WHAT TO PRODUCE —
Repeat the data below in full. Pictures must not be part of the copy.

MATERIAL PROVIDED —
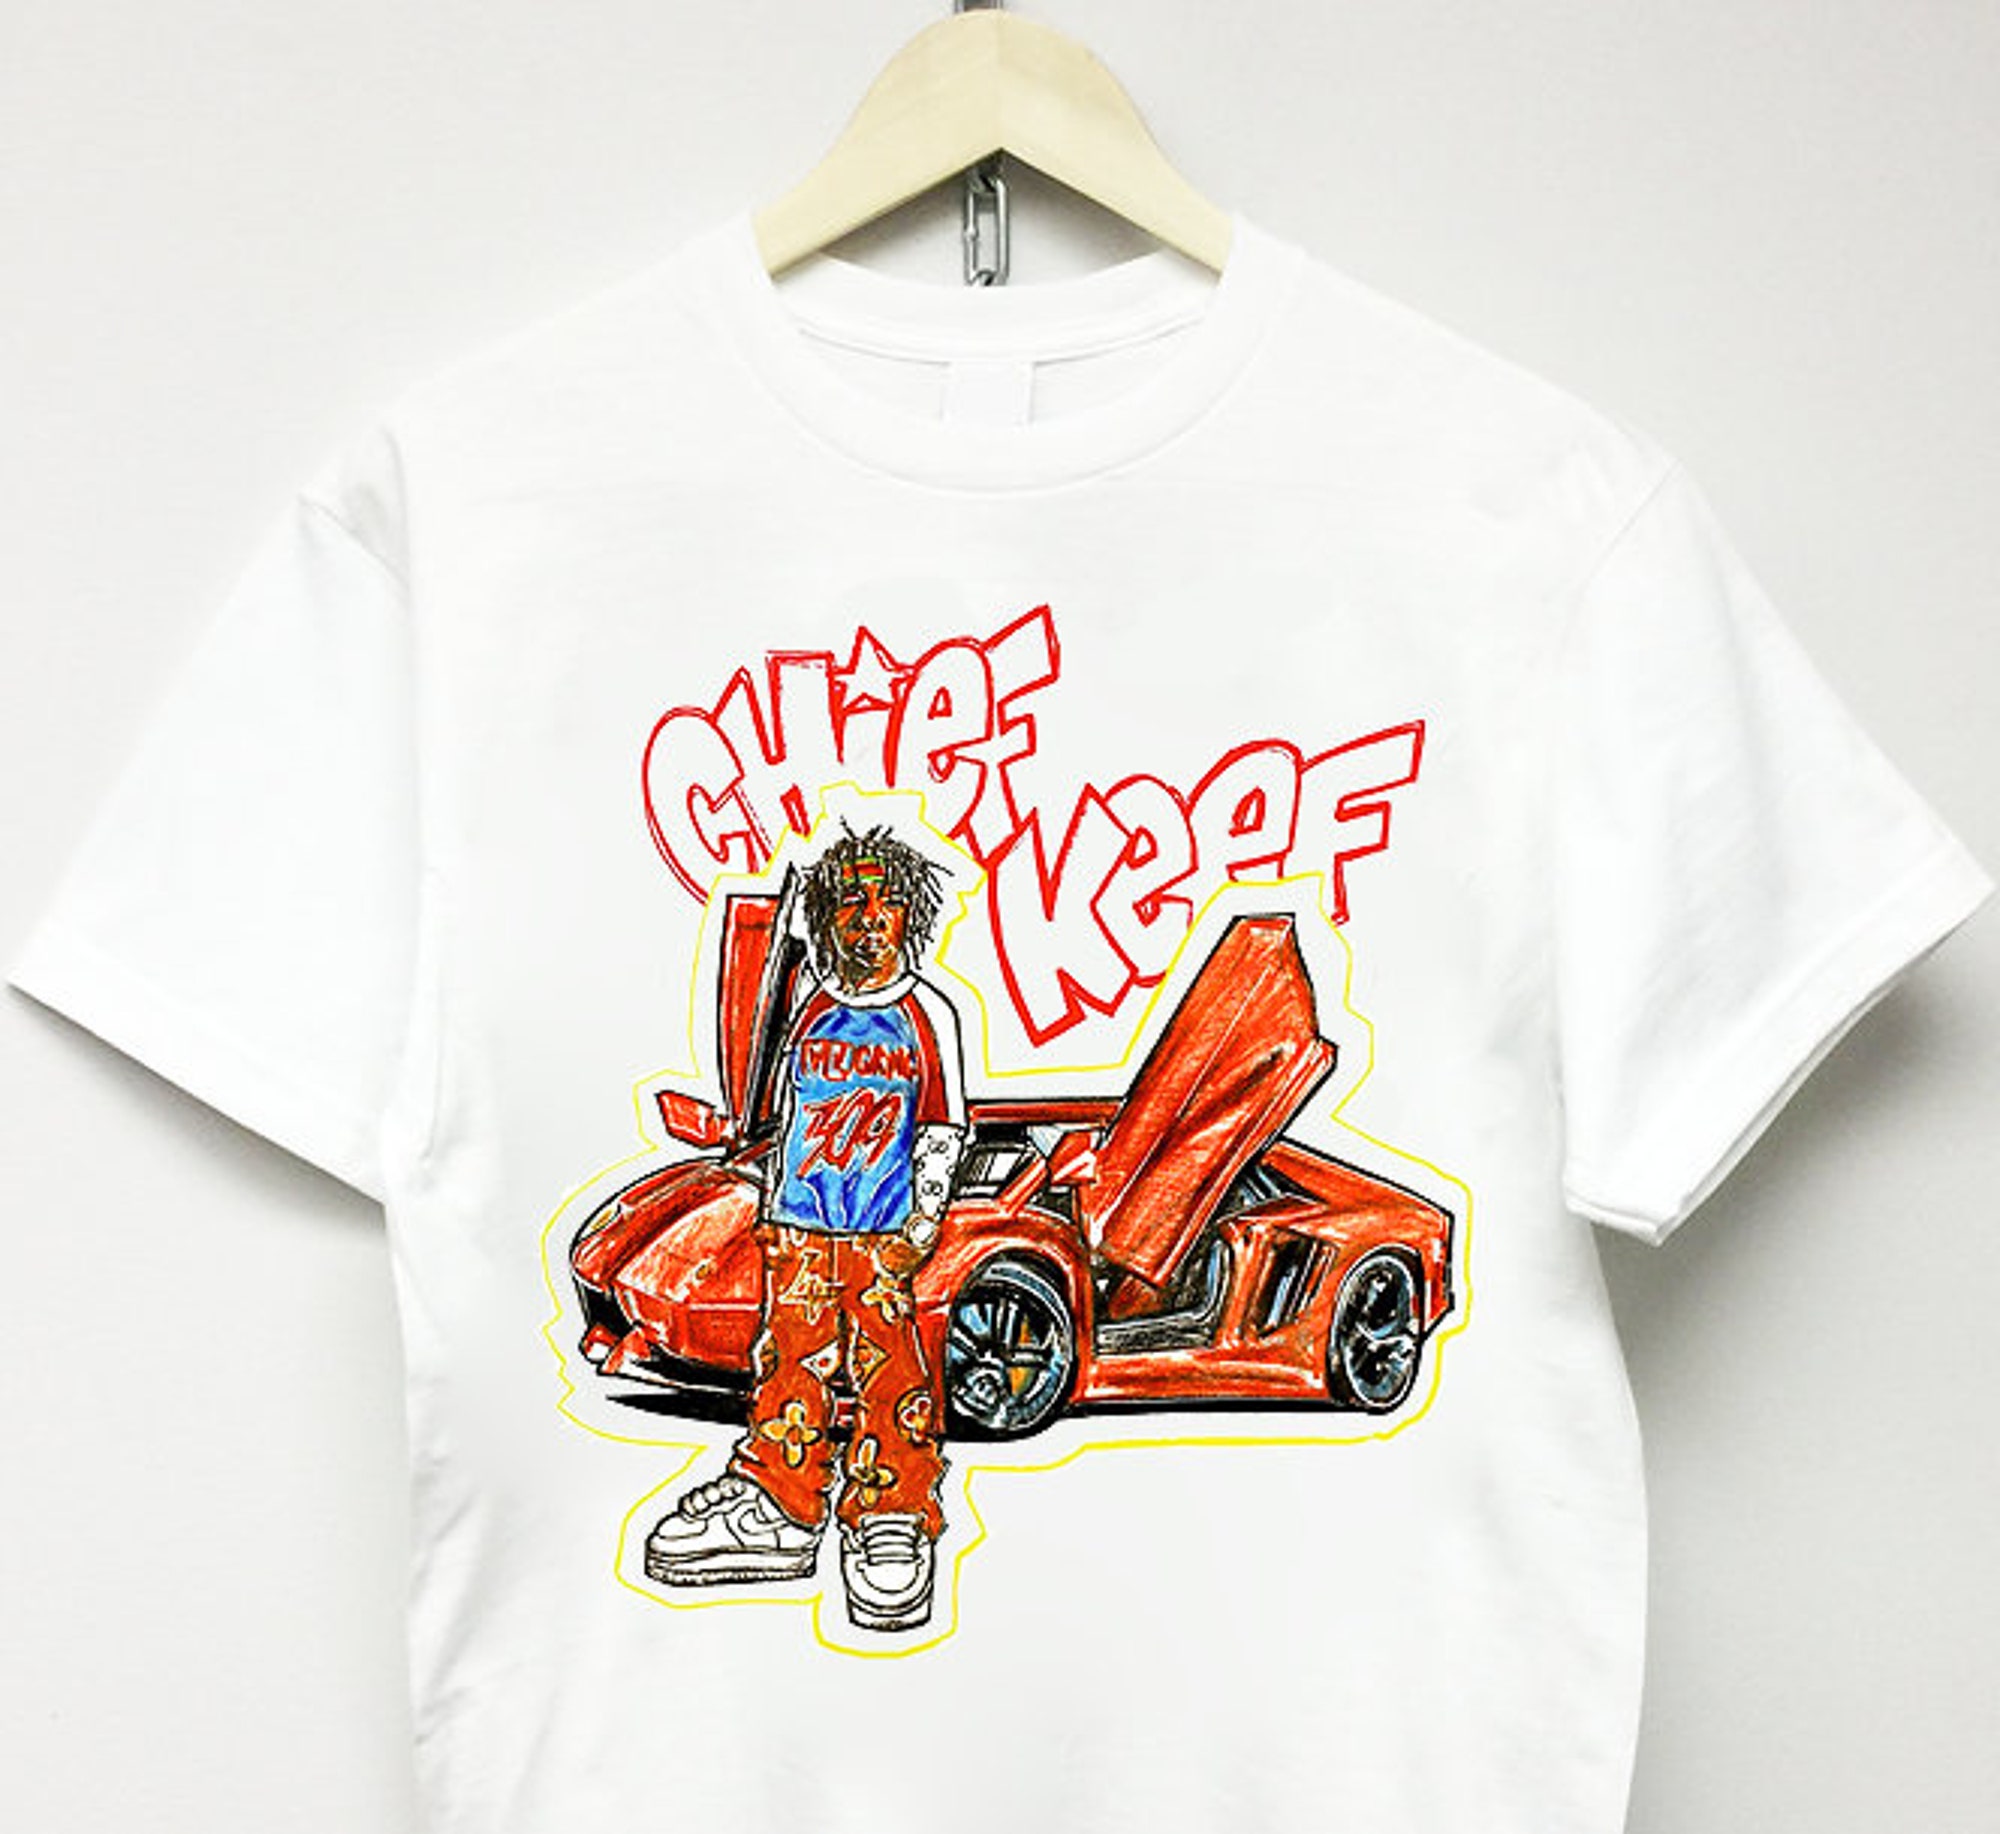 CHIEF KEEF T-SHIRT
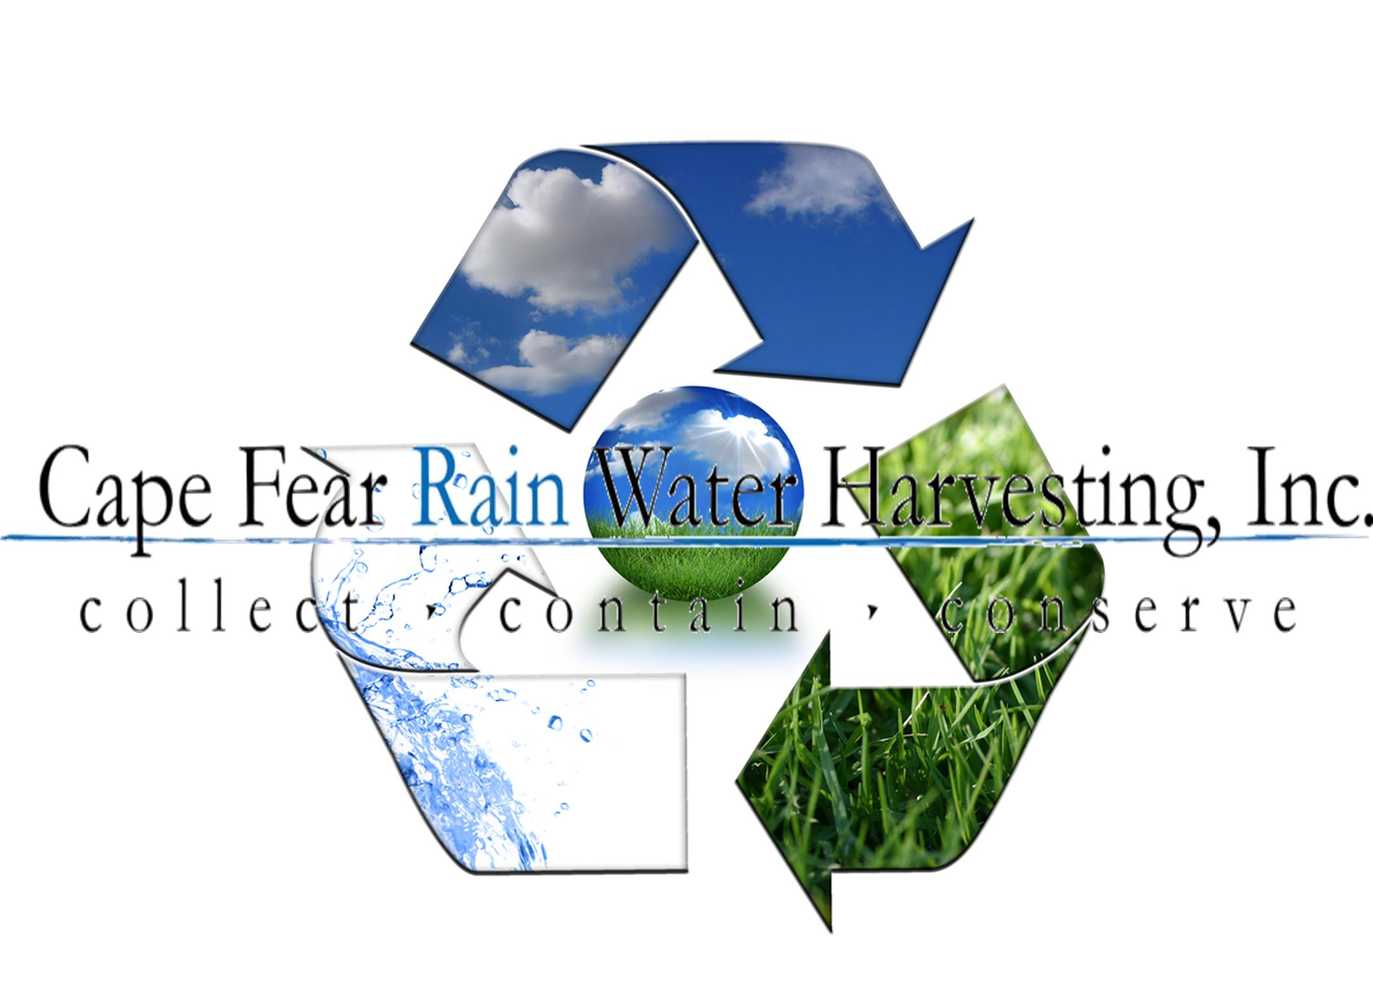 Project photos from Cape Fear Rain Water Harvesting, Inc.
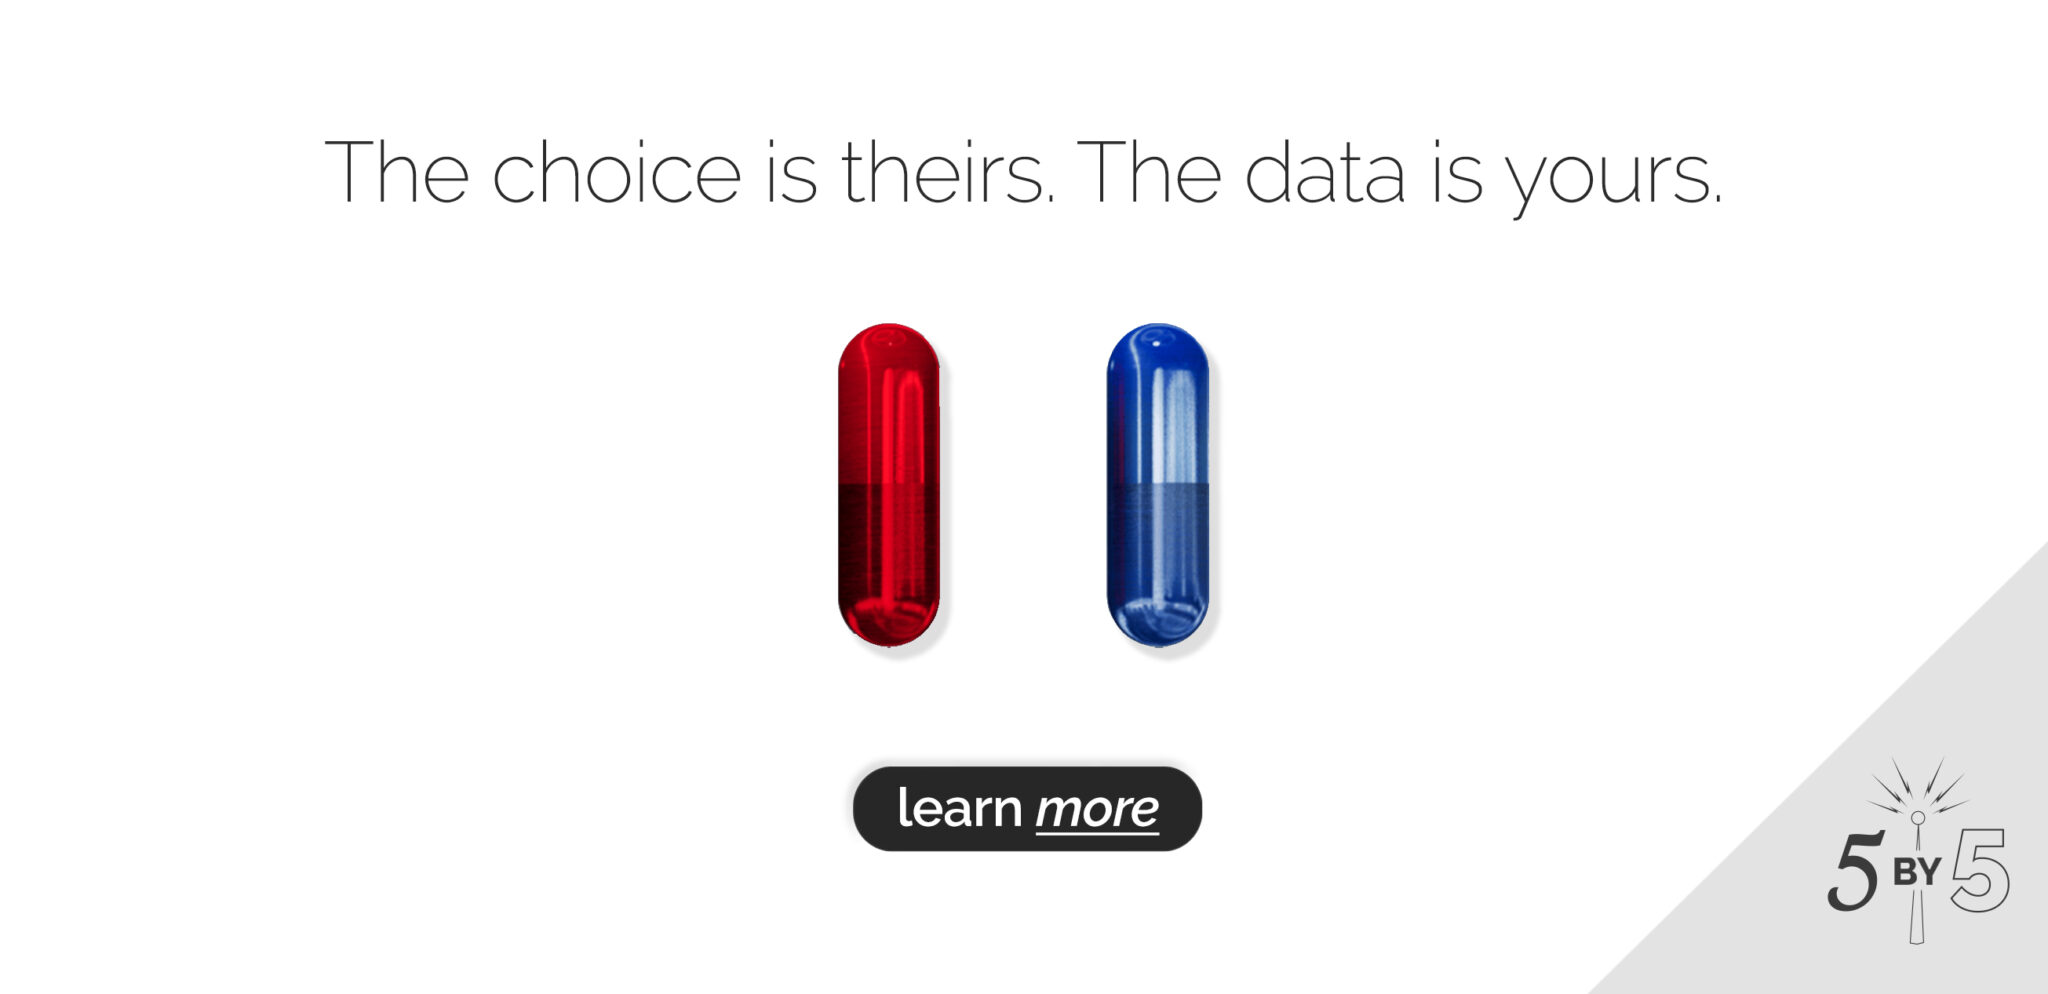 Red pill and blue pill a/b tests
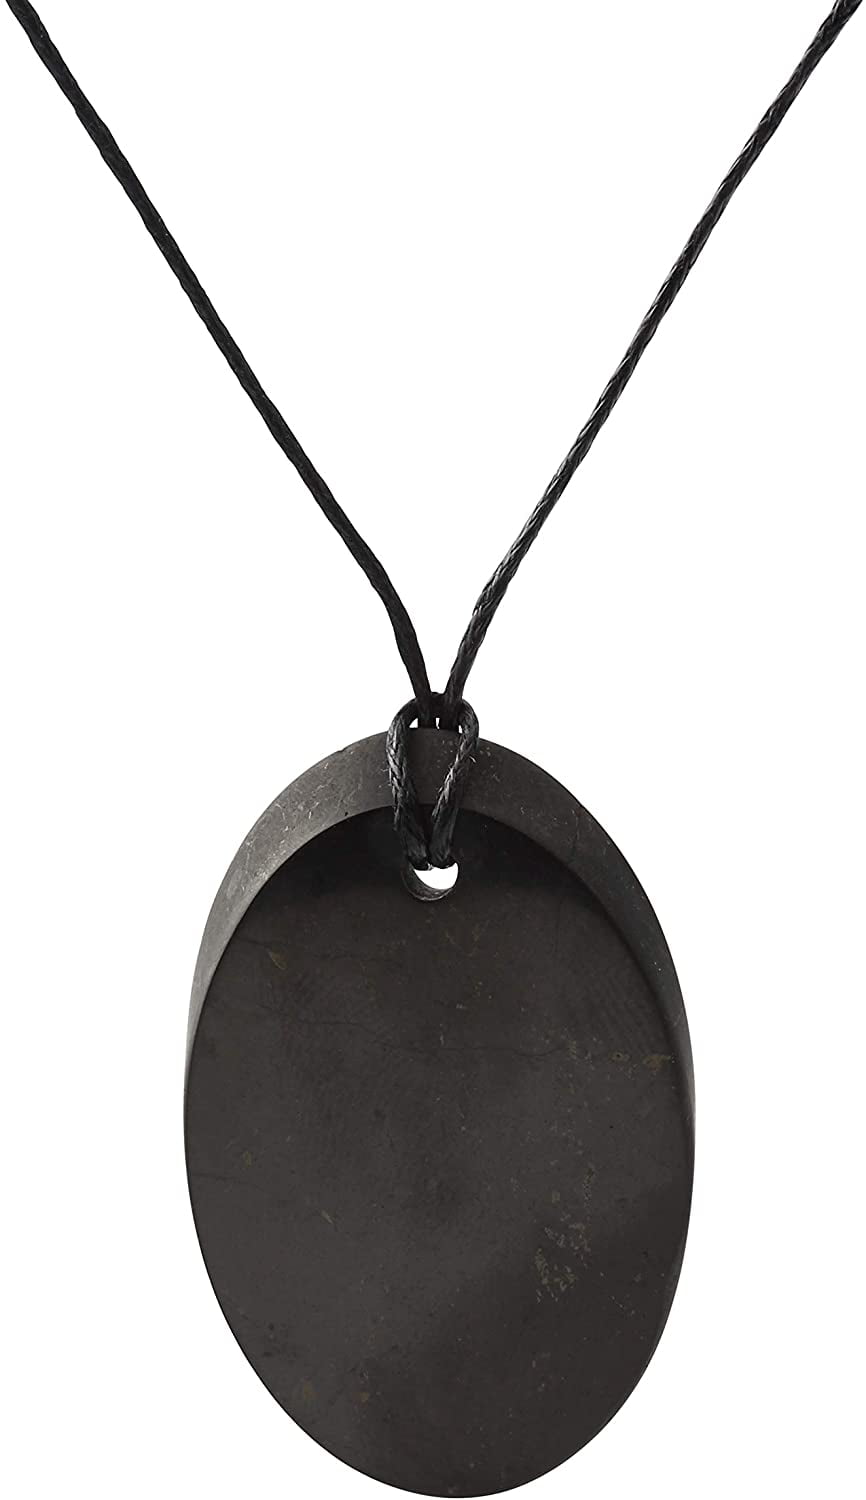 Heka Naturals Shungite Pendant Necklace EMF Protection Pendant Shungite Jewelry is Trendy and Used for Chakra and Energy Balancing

TASK RESULT —
 CHIEF KEEF T-SHIRT
 Project photos from Cape Fear Rain Water Harvesting, Inc.
 Red pill and blue pill a/b tests
 Heka Naturals Shungite Pendant Necklace EMF Protection Pendant Shungite Jewelry is Trendy and Used for Chakra and Energy Balancing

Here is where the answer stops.